When pulling up to a red light, your lane is opened, until the dope in the next lane decides he/she wants to get in front of you at the last second because another car is ahead of him in his lane, only for the asshat to go the same speed, if not SLOWER than the car in the other lane once the light turns green. 

Slow people in the left lane.


----------



## Christinebitg (Jun 29, 2018)

Uberdise said:


> Are people too lazy to turn their lights on


When I see people driving at night with their headlights off, it's usually on well lit roads. They don't realize that they haven't turned their lights on.

But it still makes me crazy, when many of them are oblivious to every attempt to let them know that.


----------



## mbd (Aug 27, 2018)

People driving slowly in left lane, and fastly( made up word) in the right lane...I do this sometimes, but I am special, so it does not apply to me?

TSLA - new tsla drivers going too fast... only matter of time when Tsla cars will be hitting fellow tsla cars...TSLA on TSLA crimes. 
Stop with this stupid attention seeking license plates...yes, I am talking to all you tsla drivers?

Policemen looking for criminals inside Dunkin’ Donuts...


----------



## ColumbusRides (Nov 10, 2018)

Scooters


----------



## Christinebitg (Jun 29, 2018)

mbd said:


> People driving slowly in left lane, and fastly( made up word) in the right lane...I do this sometimes, but I am special, so it does not apply to me?


Ive often said that if the state of Texas didn't want me to drive the speed limit in the left lane, they'd stop building left hand exits.


----------



## TheDevilisaParttimer (Jan 2, 2019)

Uberdise said:


> On a related note, why do people go into a gas station leaving their car running with loud music playing?

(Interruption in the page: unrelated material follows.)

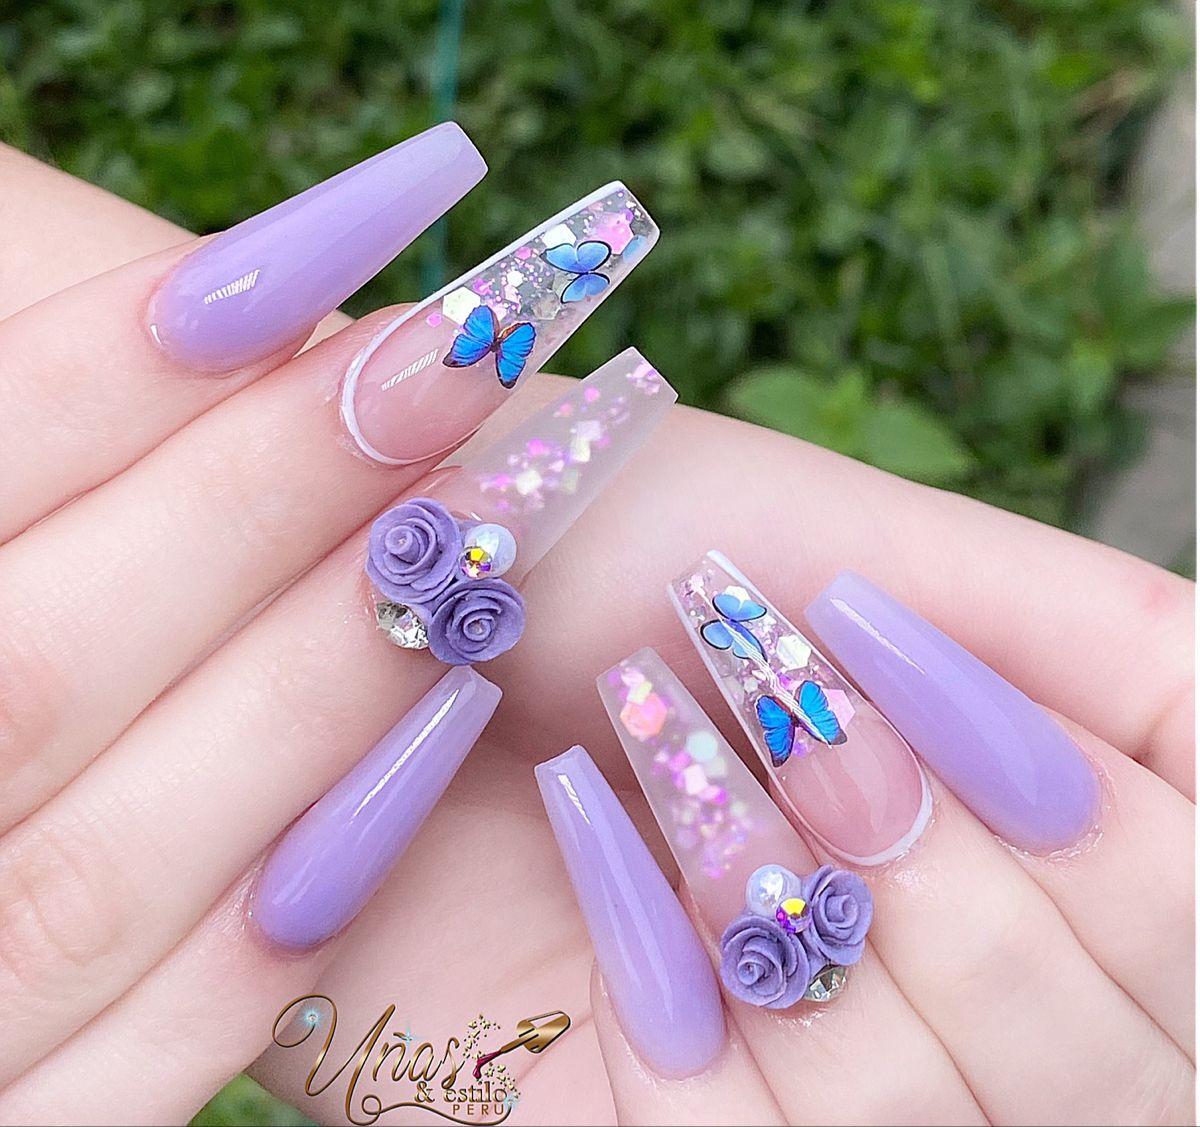 #butterfly #butterflynails #nails #nailsofinstagram #nailstagram #nailsdesign

Friend did this at the liquor store when we was younger. A lady we knew from the neighborhood took his car and parked it around the corner.

He came out didn't see his car and started panicking heavily. Surprised he didn't drop his bottle.

She beep the horn so he could see where she parked and yelled out
"Let that be a lesson to you!", as she exited his vehicle.

Don't **** with grandma


----------



## Seamus (Jun 21, 2018)

flyntflossy10 said:


> cops here always leave their vehicles running when they go into gas station. ever since high school, ive always wanted to joy ride one.
> id become a @@@@ing legend


If you do it hopefully you are in a rural area where you can at least get a ride in before it ends. A neighbor of mine in High School thought it would be funny but unfortunately did it in an urban area where 20 cop cars and a helicopter can be on the scene in about three minutes. He didn't get much of a ride in before the "beat down"......I mean arrest. Didn't end well for him!


----------



## AtticusFinch (Jul 8, 2019)

when people have brightass lights for no reason


----------



## John M Santana (Jan 7, 2018)

TLC, livery, pickup trucks and Suburbans cruising the left-hand lane of the highways at 40-45 mph, or otherwise not keeping up with the flow of traffic (Downstate NY speed limit is 55, but average is 70)!

If you're cruising, so as not to miss a ping, how do you plan on getting over the right-hand lane to exit quickly, when everyone is forced to zip past you in the center and right (slow and merging traffic) lane??? This is not only a serious pet peeve of mine, but also, here on Long Island and the Five Boroughs (NYC) a major traffic hazard. I'm just waiting for --- in NASCAR lingo --- The Big One: a major, multi-vehicle accident, due to one creeping nun in the left-lane.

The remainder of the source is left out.